• **EXERCISE**
Using the listing below, please print exactly the lines from the one with "Andy Warhol at his May 1971" through the one with "2048x1152 — картинка №655388". Leave out every picture.

***** DATA PROVIDED

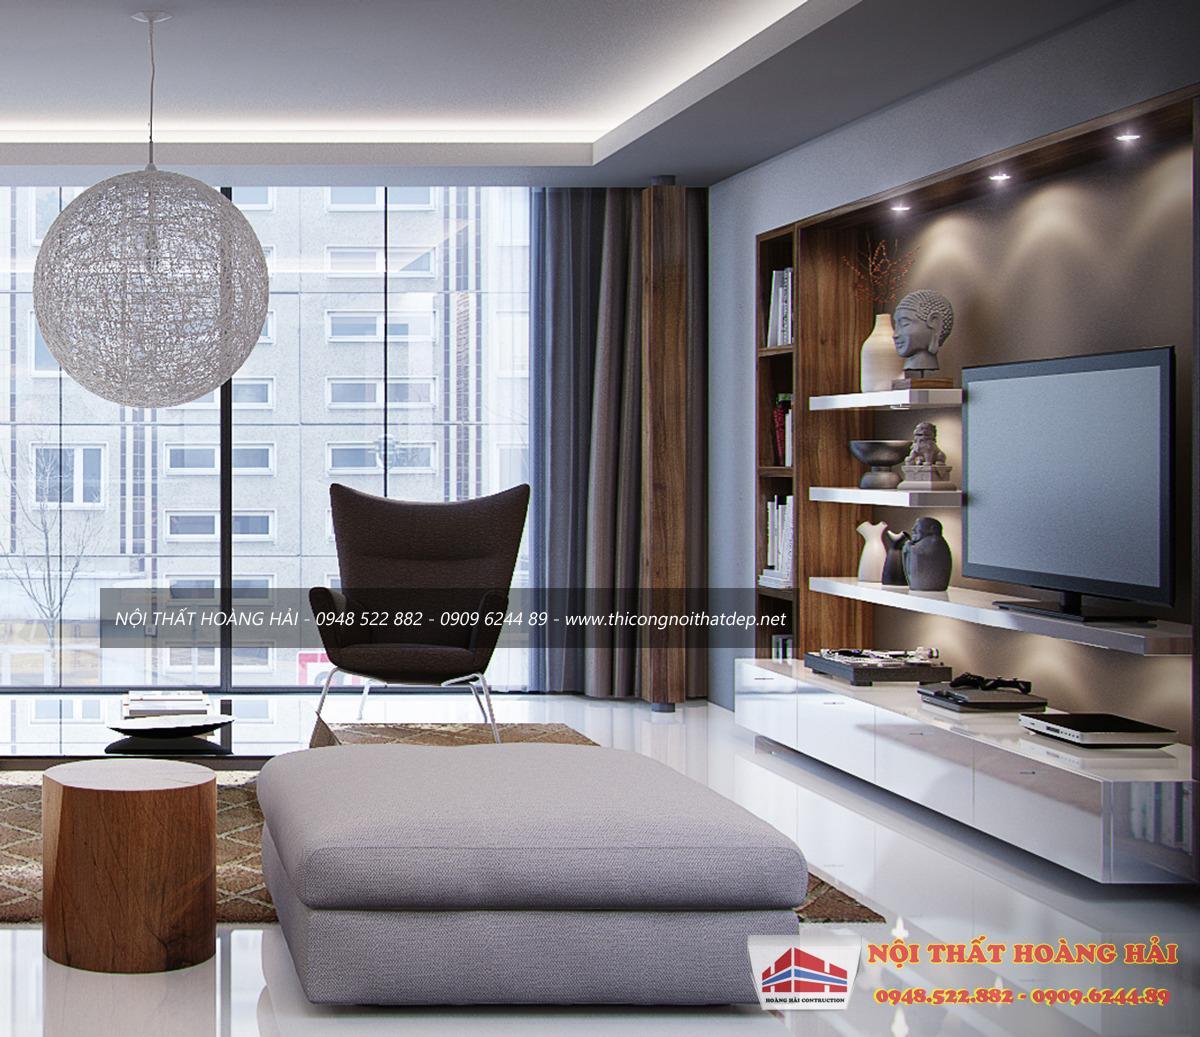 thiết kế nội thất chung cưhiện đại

**********
***** DATA PROVIDED

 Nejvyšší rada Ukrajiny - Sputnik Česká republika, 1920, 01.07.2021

**********
***** DATA PROVIDED

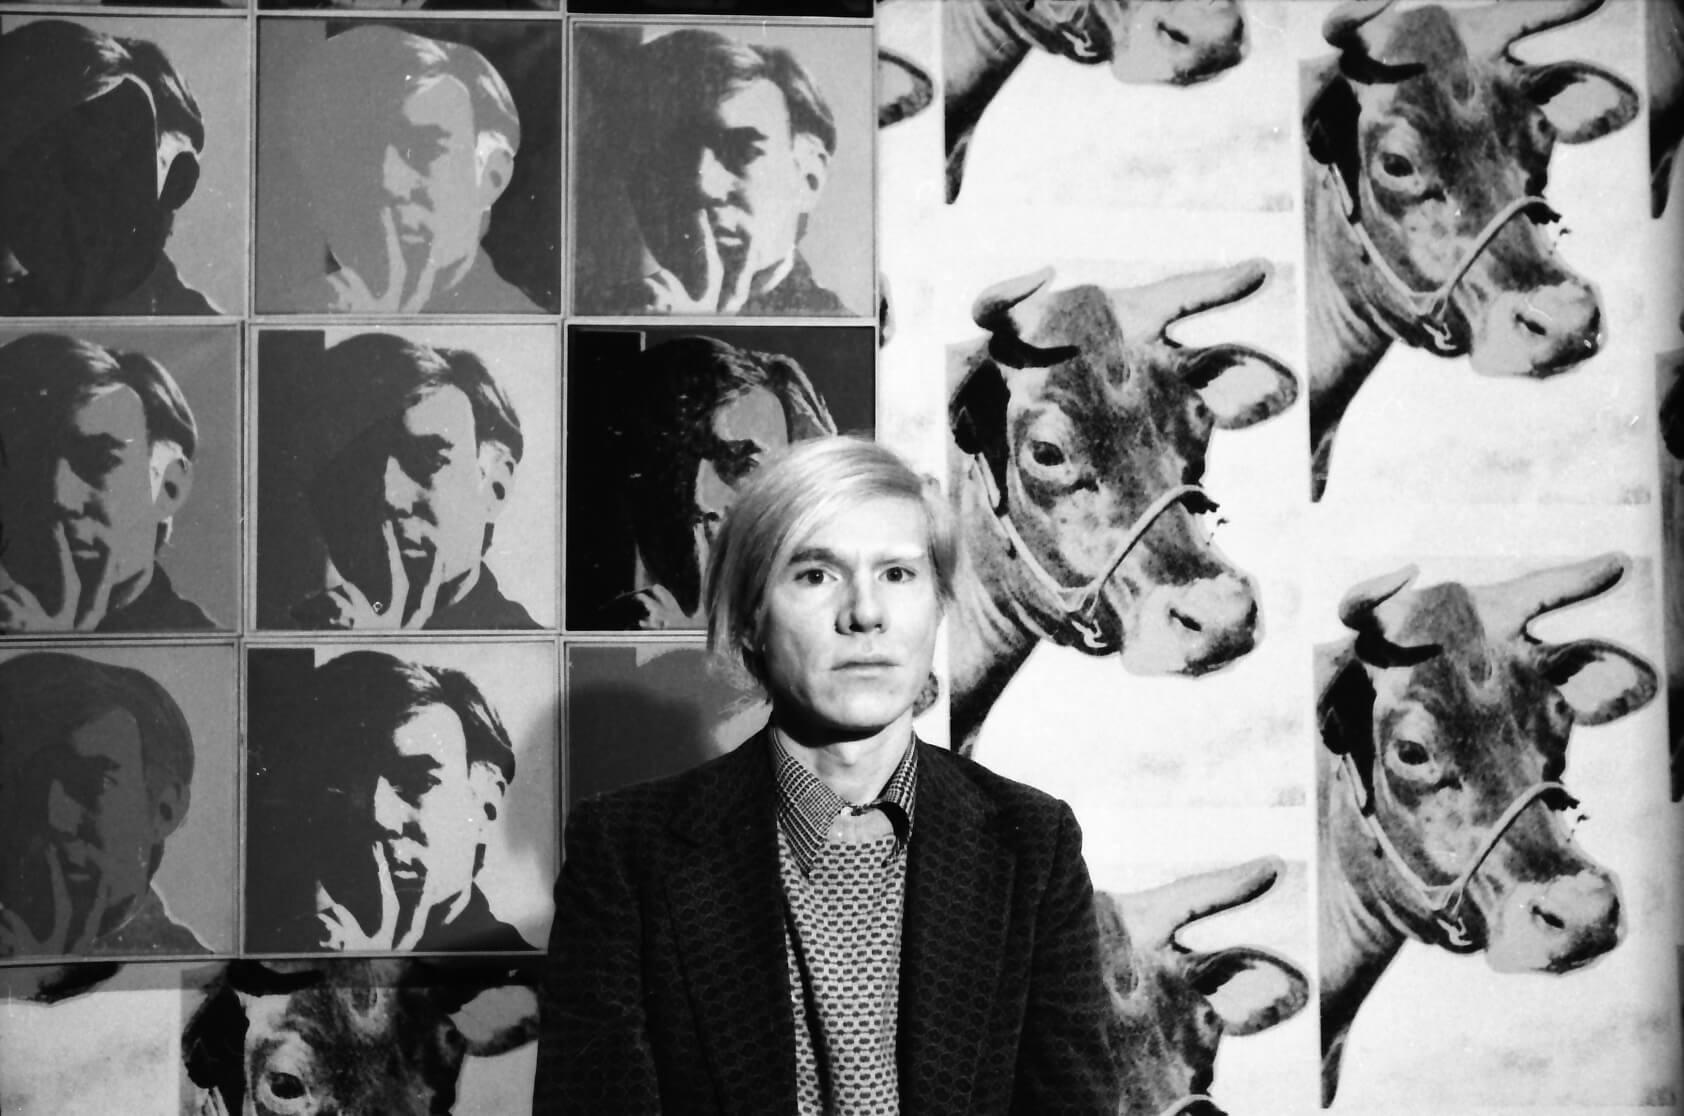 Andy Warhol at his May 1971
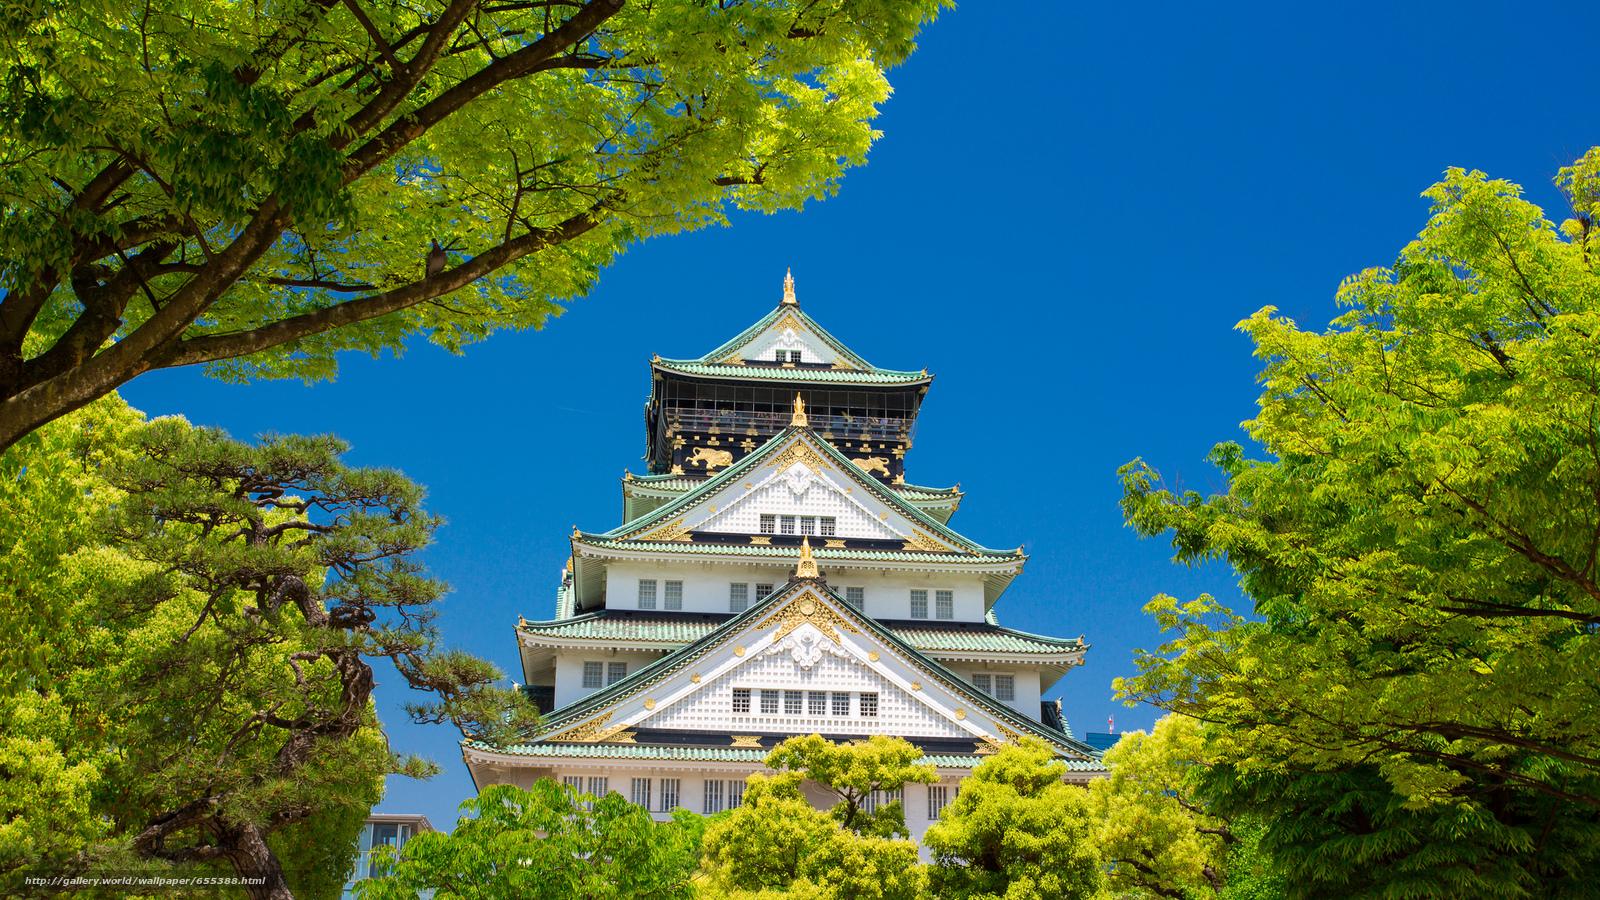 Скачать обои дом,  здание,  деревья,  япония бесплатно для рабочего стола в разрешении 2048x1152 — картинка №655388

**********

• **WRITTEN SOLUTION**
 Andy Warhol at his May 1971
 Скачать обои дом,  здание,  деревья,  япония бесплатно для рабочего стола в разрешении 2048x1152 — картинка №655388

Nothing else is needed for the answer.